The task:
Write out each line of the material exactly as given, and drop the images.

Provided data:
════════════════════
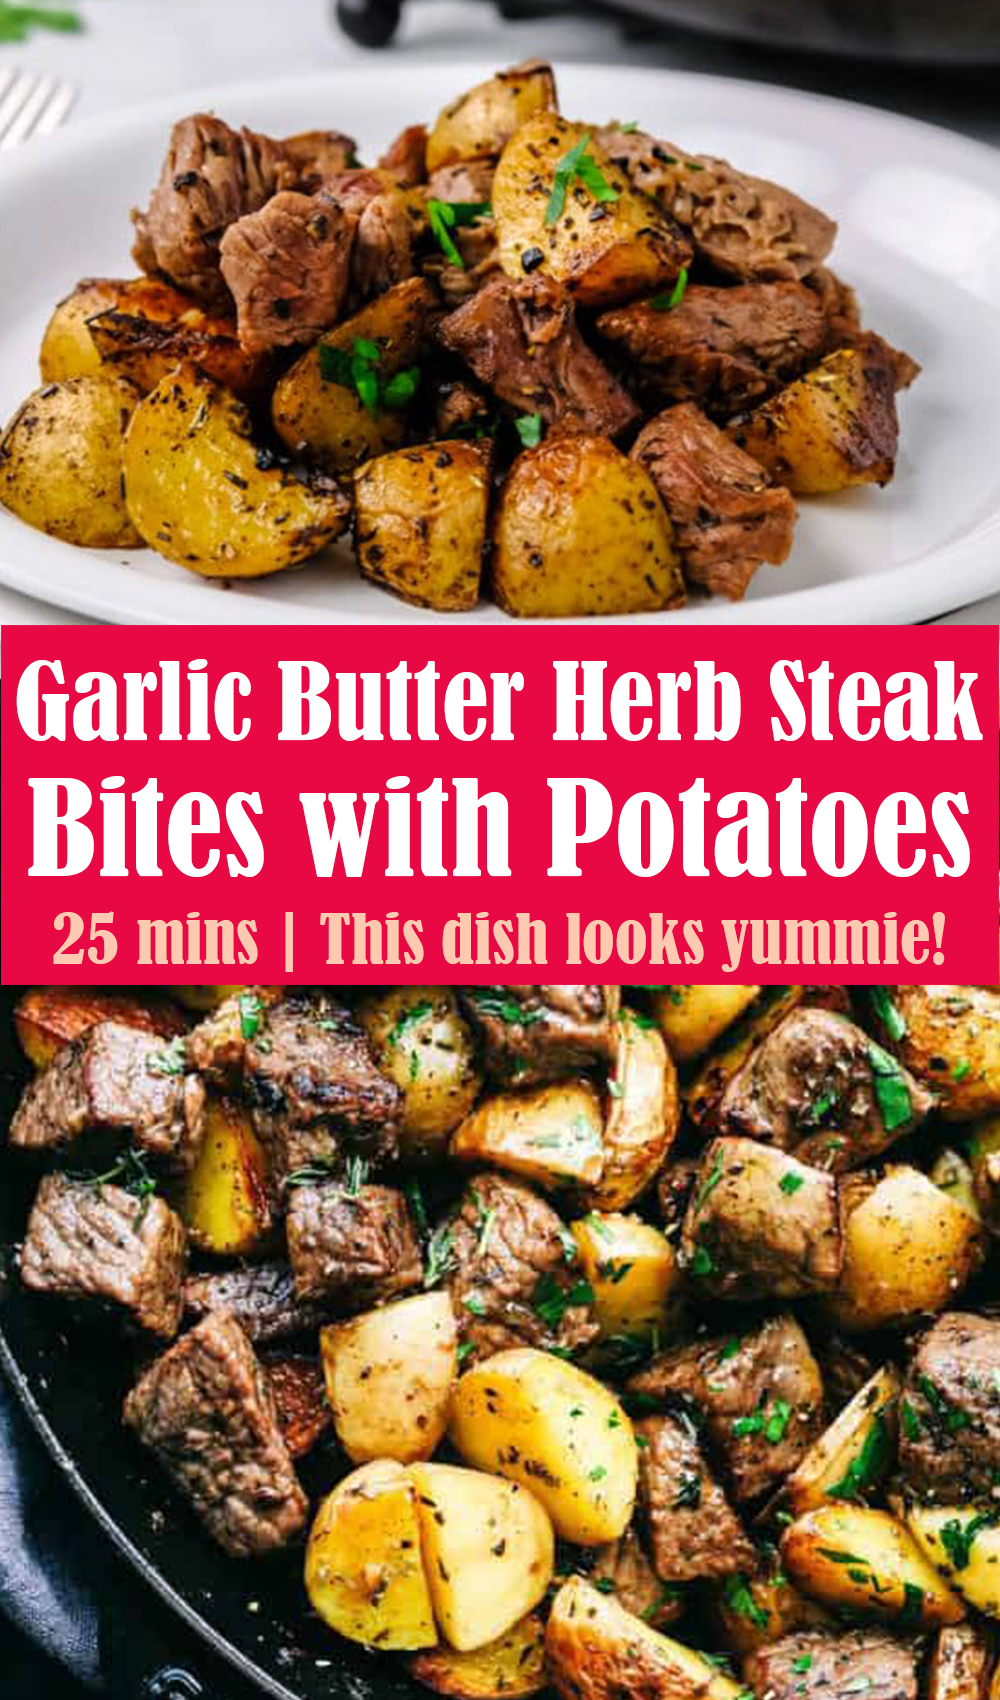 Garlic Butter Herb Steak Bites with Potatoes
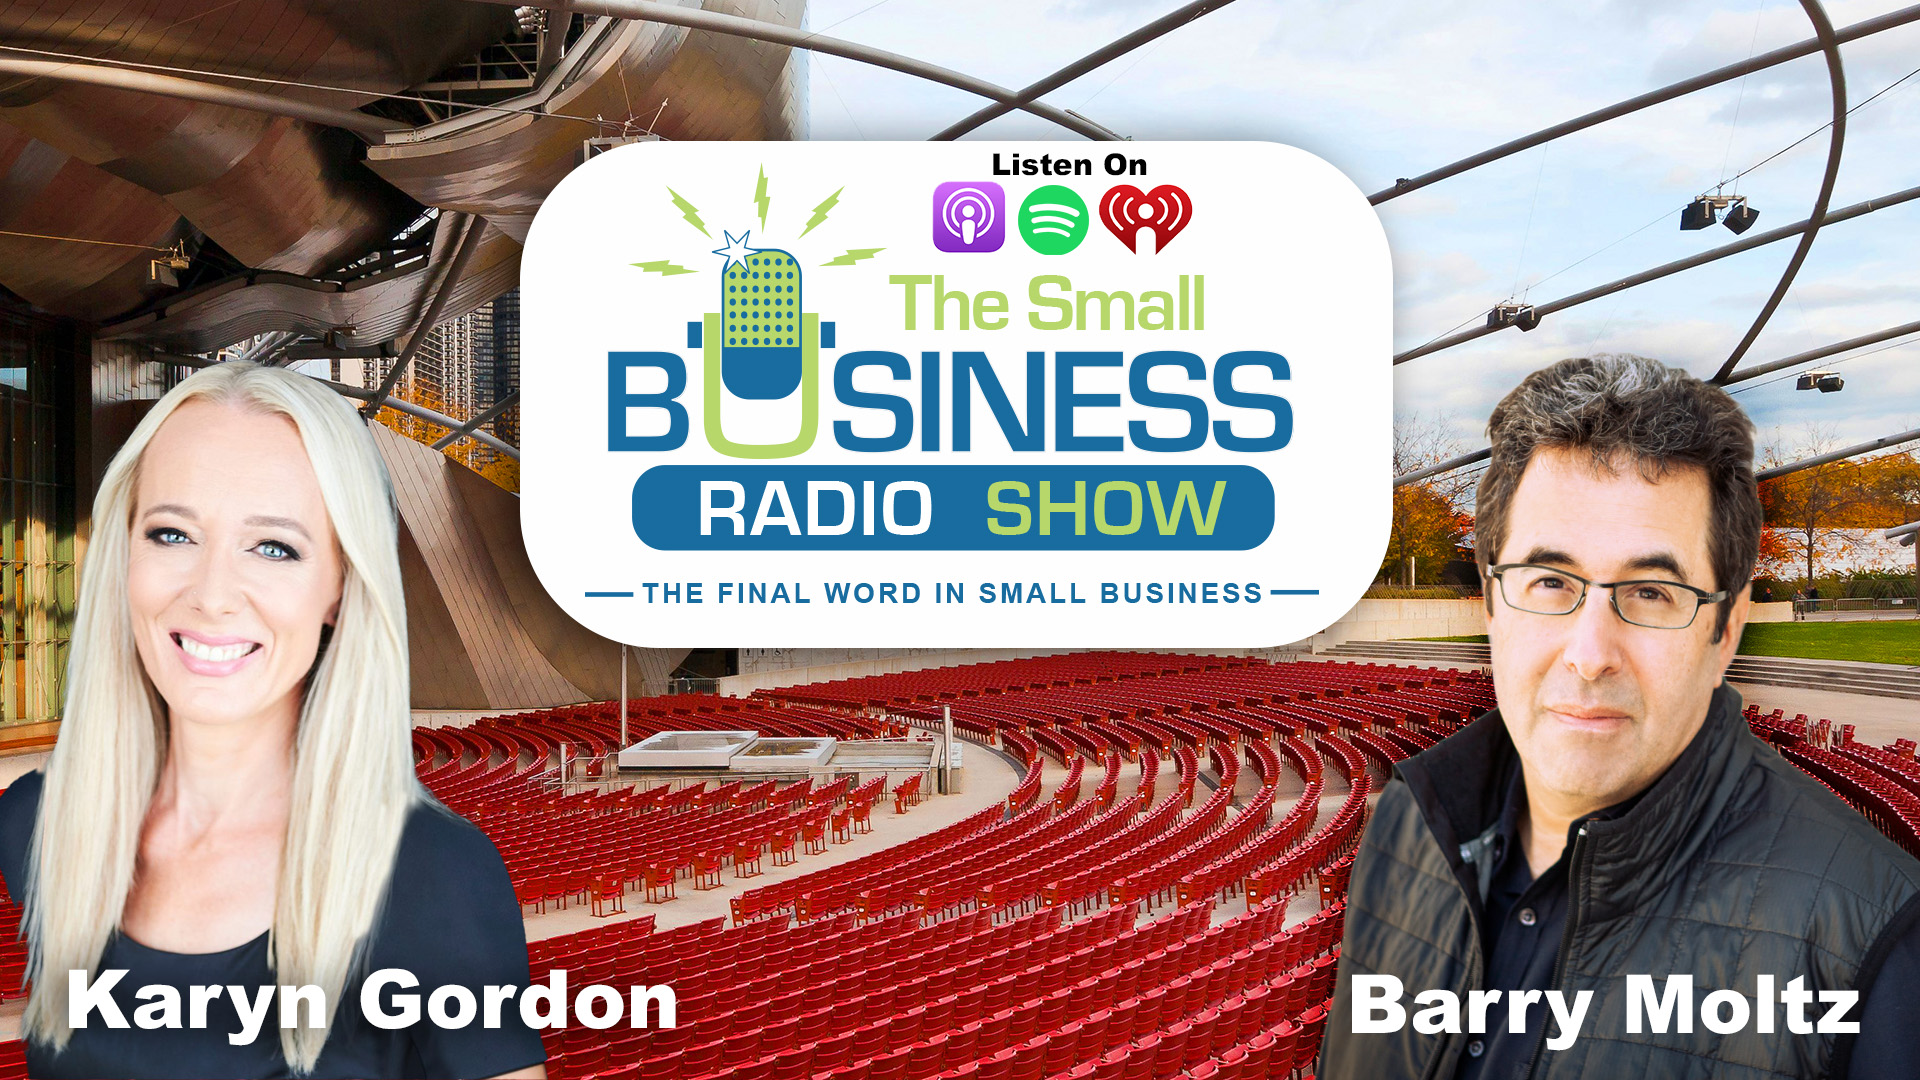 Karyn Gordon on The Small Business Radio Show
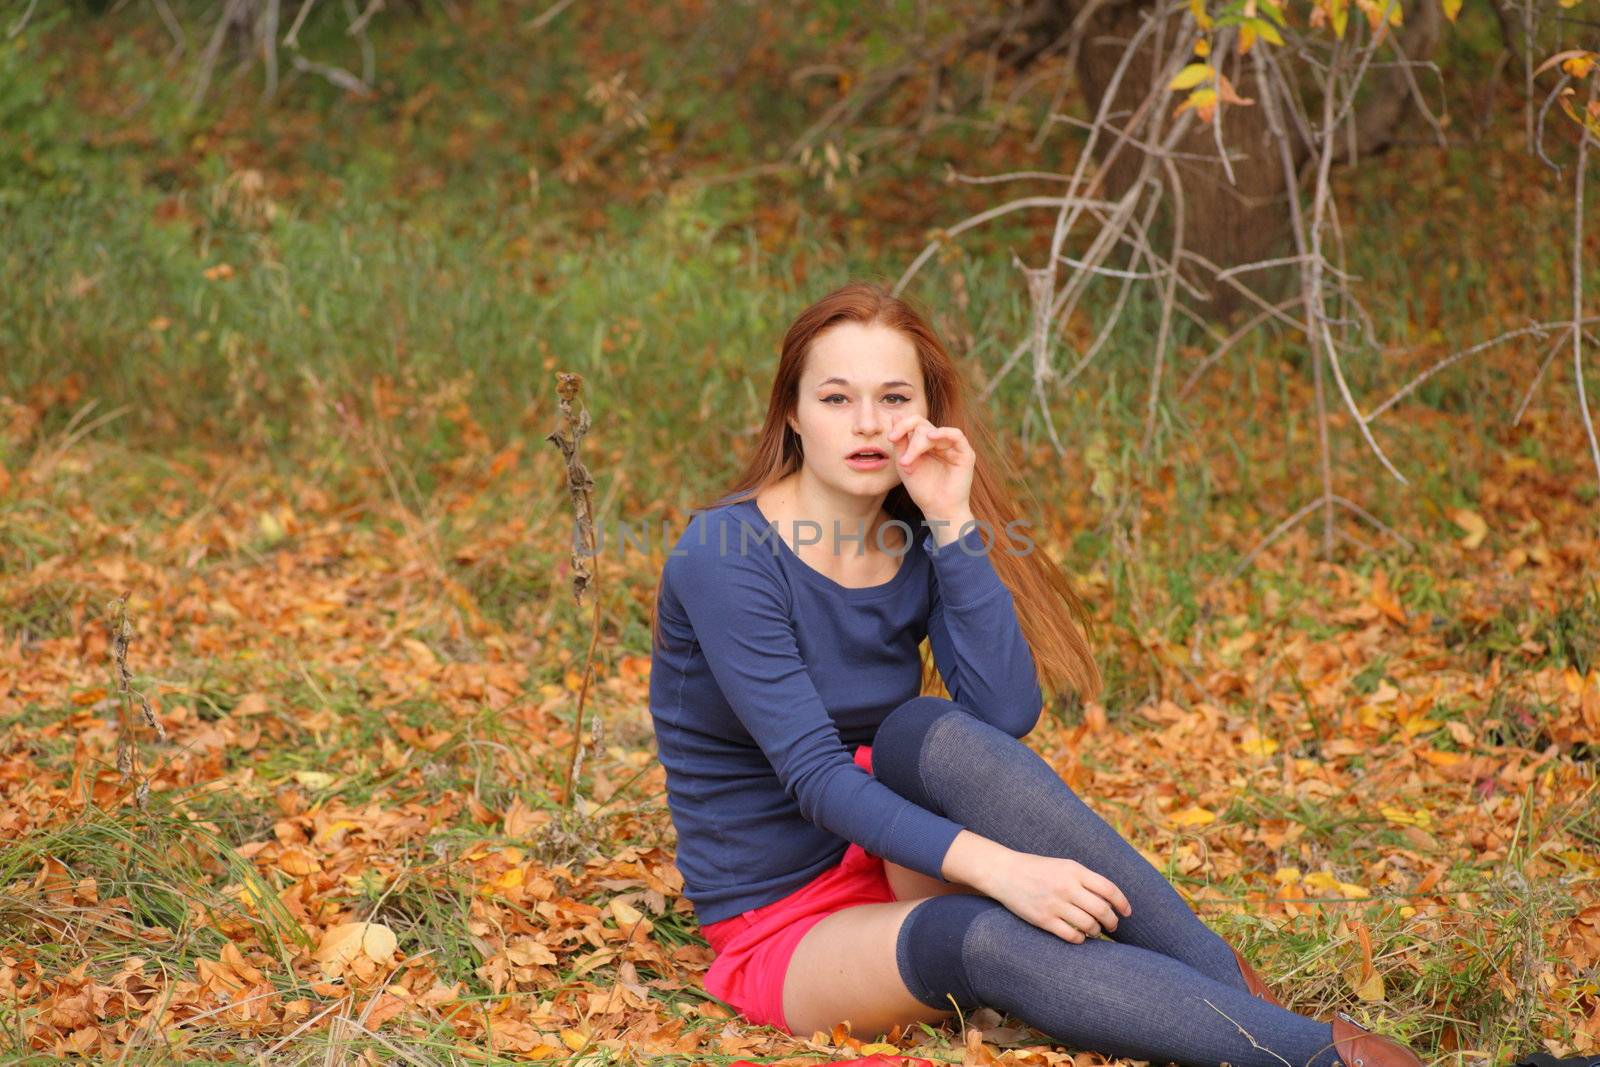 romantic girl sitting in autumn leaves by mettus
════════════════════
Problem solution:
 Garlic Butter Herb Steak Bites with Potatoes
 Karyn Gordon on The Small Business Radio Show
 romantic girl sitting in autumn leaves by mettus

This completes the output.